The Good, the Bad, and How to Make the Most of It

A Mural in Kerala, India.

I first traveled to India nearly 20 years ago with a boyfriend who had an unyielding desire to visit the subcontinent. Though he had never been out of the U.S., and I had only visited England and Wales, we undertook a 3-month journey to Thailand, India, and Nepal.

In India, our senses were assaulted, our assumptions about the way the world functioned were completely dismantled, and our relationship became strained. After many years together, we broke up shortly after returning home. I can’t completely blame our breakup on India, but I do believe that she sped up the process of my karmic path.

Though most people who travel to India either love it or hate it, I left feeling neutral after that first visit. When I was invited back two decades later to visit friends, I knew the experience would be different, but never expected to tilt so far as to love it. Yet, that’s exactly what happened.

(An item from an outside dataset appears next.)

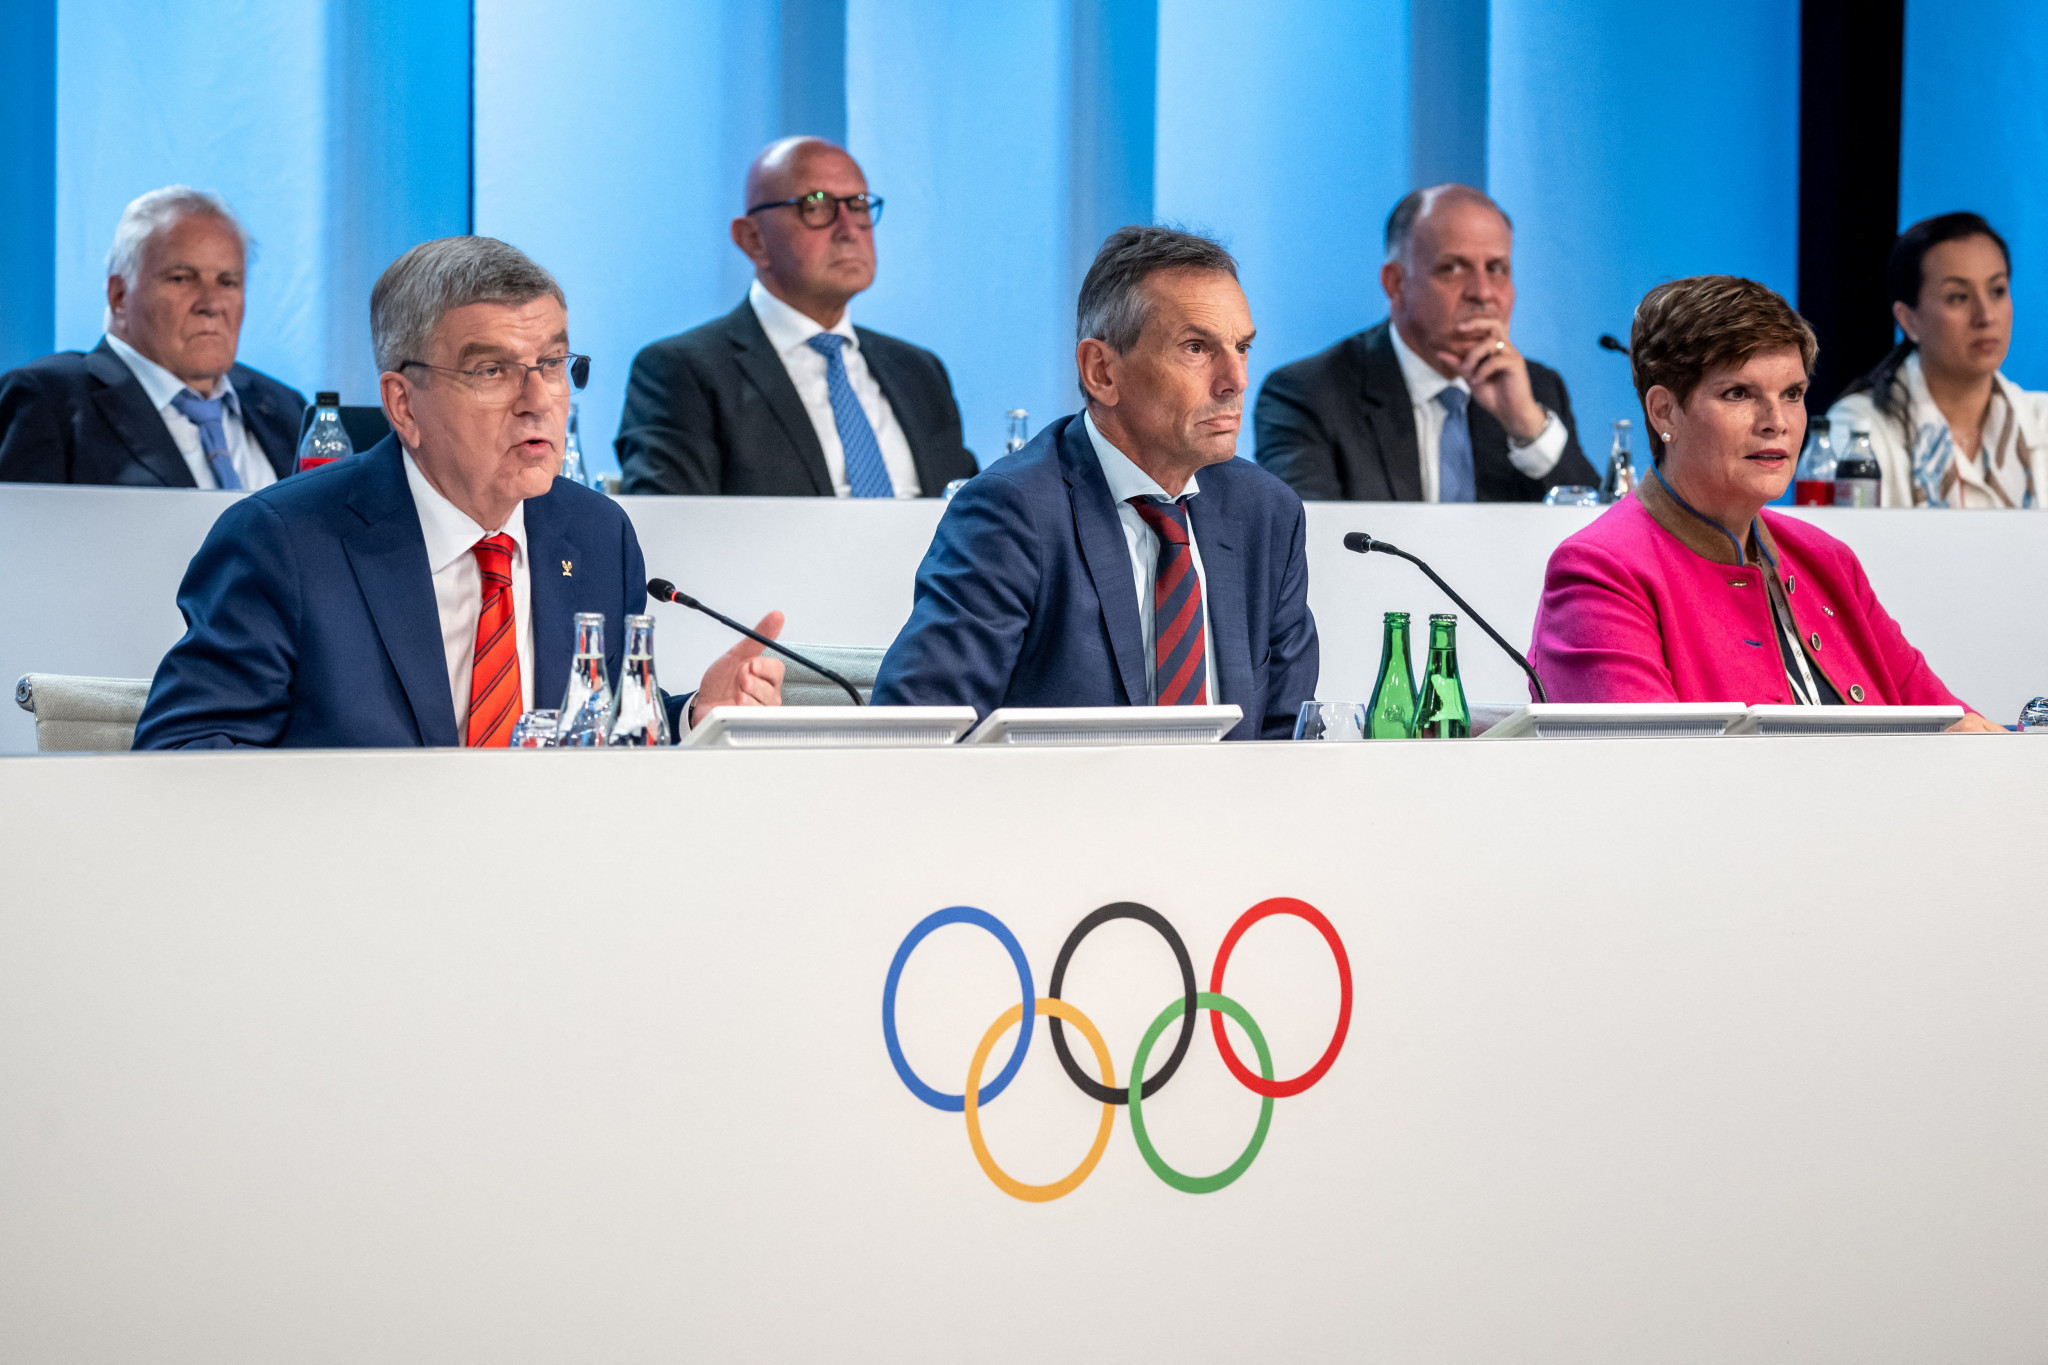 140th International Olympic Committee Session
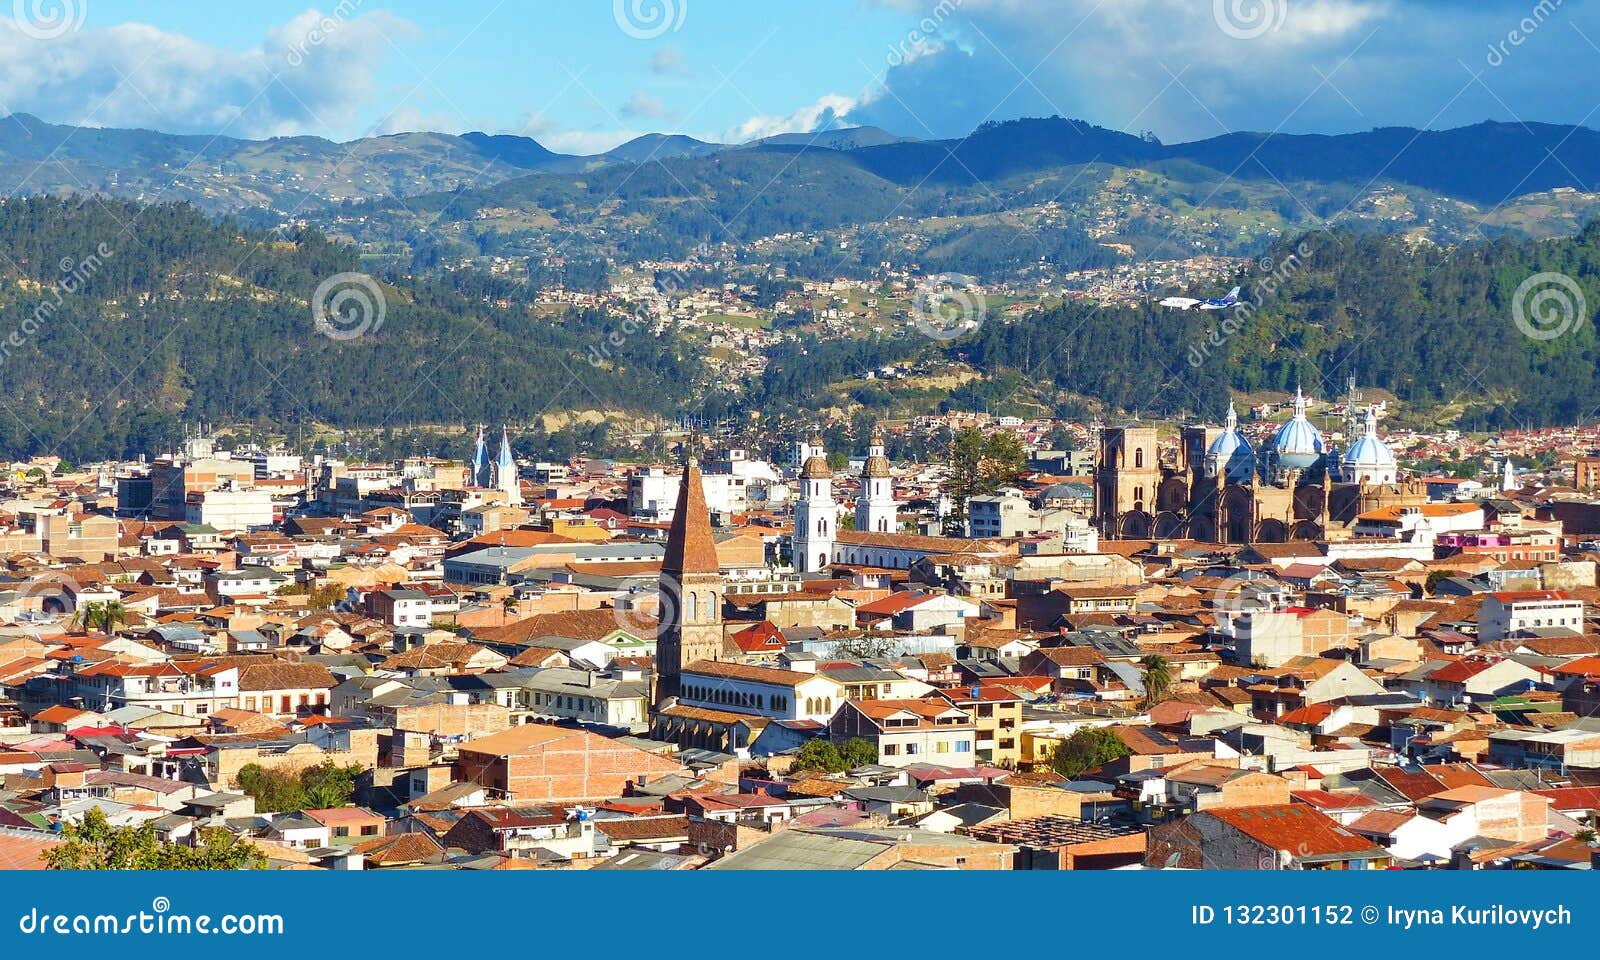 panoramic view of the city cuenca, ecuador, with many churches

With three trips now under my sari, I’ve traveled from north to south, east to west, with friends and solo. Though it would take lifetimes to completely know India, I have learned enough to humbly impart a few words of wisdom to other women considering a trip to experience the subcontinent.

The Good

Flower market in Kolkata, India.

While India can be an intimidating country for any traveler due to its size, lack of infrastructure and overpopulation, it is still a very accessible country for women.

The British occupation left India with one of the most extensive railway system in the world. They also encouraged the use of English and now most Indians with any level of formal education speak at least some English. For English-speaking travelers, these influences make traversing the country relatively easy.

Though India is a burgeoning as a technology hub and is producing some of the most brilliant minds in the world, it remains a developing nation with slums the size of some medium-sized cities in the U.S. India’s economic disparities mean that it can be an extremely cheap place in which to travel given the quality and diversity of the food along with the wide range of services available.

Whether rich or poor, Indians are friendly hosts to all travelers — whom they treat like royalty. The people of India have coined the phrase that “guests are gods,” and take this custom to heart when encountering or hosting visitors. You are sure to make friends quickly, whether it’s with passengers sharing your berth on an overnight train or a spending time near a family on vacation at the beach.

Eager to interact with a woman from another country, Indian women generally won’t be shy about introducing themselves. They will ask lots of questions and share their stories, family life, and a meal.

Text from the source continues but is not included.